Si on reçoit plusieurs lots avec des dates de péremption différentes, on entre dans l’ordinateur la
date la plus proche. On place un post-it® où figure la nouvelle date de péremption sur la première
boîte du 2ème lot. Celle-ci sera donc remplacée dans l’ordinateur en temps voulu par la personne qui
aura en premier cette boîte en main.
c- Un moyen simple a été mis en place pour la gestion des périmés pour les produits conservés au
réfrigérateur.
Il s’agit d’un petit carnet sur chaque page duquel on a inscrit un mois de l’année et à chaque
réception de « produits-frigo » on inscrit systématiquement la date de péremption du produit, ceci
faisant partie intégrante de la méthode de déballage des commandes.
d- L’informatique peut également se révéler être un outil précieux dans la mesure où il permet
d’éditer régulièrement la liste des produits invendus depuis par exemple 6 mois, produits que l’on
peut alors retirer du stock et retourner chez le grossiste.
2-2-3- Dans la 3ème officine
a- On a pour habitude de stocker les produits particuliers (soit parce que pris par une seule et même
personne au long cours soit produits coûteux qui se vendent peu soit encore nouveau médicament
pour lequel on n’est pas sûr qu’il se vendra dans l’avenir…) par ordre alphabétique sur 2 étagères
au-dessus de la table de déballage des commandes, entourés du bon de livraison.
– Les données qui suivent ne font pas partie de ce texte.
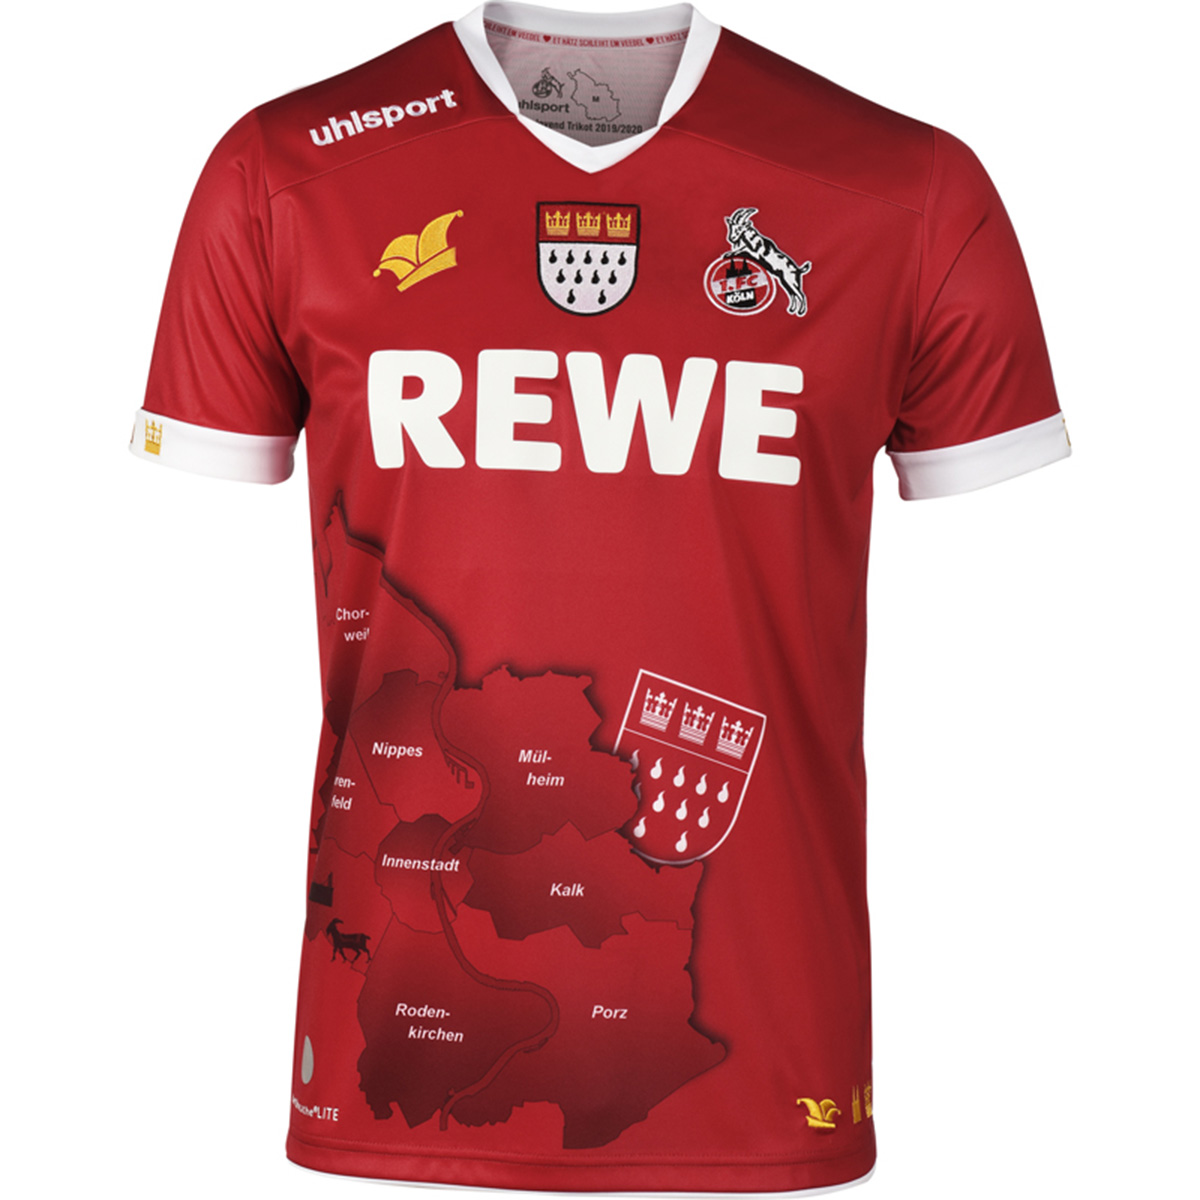 Uhlsport 1.FC Köln Karneval Fastelovend Trikot Shirt 2019/2020

Ainsi on peut facilement vérifier la rotation de ces produits, vérifier la date de la dernière commande
et les retourner chez le grossiste quand on s’aperçoit qu’on n’en a plus la vente (moins de perte
financière que de les retirer périmés des rayons). Cela demande obligatoirement de la rigueur et une
uniformité de travail de tous mais ce système semble valable. De la même façon, on n’hésite pas à
mettre couramment des commentaires en fiche client pour ces produits particuliers stipulant qu’une
boîte est déjà réservée pour le traitement du mois suivant au niveau de ces étagères et quand on
prend cette dite boîte on recommande la même chose par le biais du bon de livraison (officine où il
n’y a pas de gestion de stock).
b- Quand cela est possible, on tente aussi au maximum de faire payer les produits de
parapharmacie que certains clients peuvent commander spécialement : d’une part quand le produit
est payé, la personne semble moins oublier de venir le rechercher, d’autre part même si elle oublie
au moins ce n’est pas perdu pour l’officine (en précisant : « je vous le fais régler maintenant, ça ne
vous dérange pas ? Je vous fais un ticket où il est noté que c’est payé comme cela vous n’avez plus
qu’à venir le rechercher », cela passe en général très bien).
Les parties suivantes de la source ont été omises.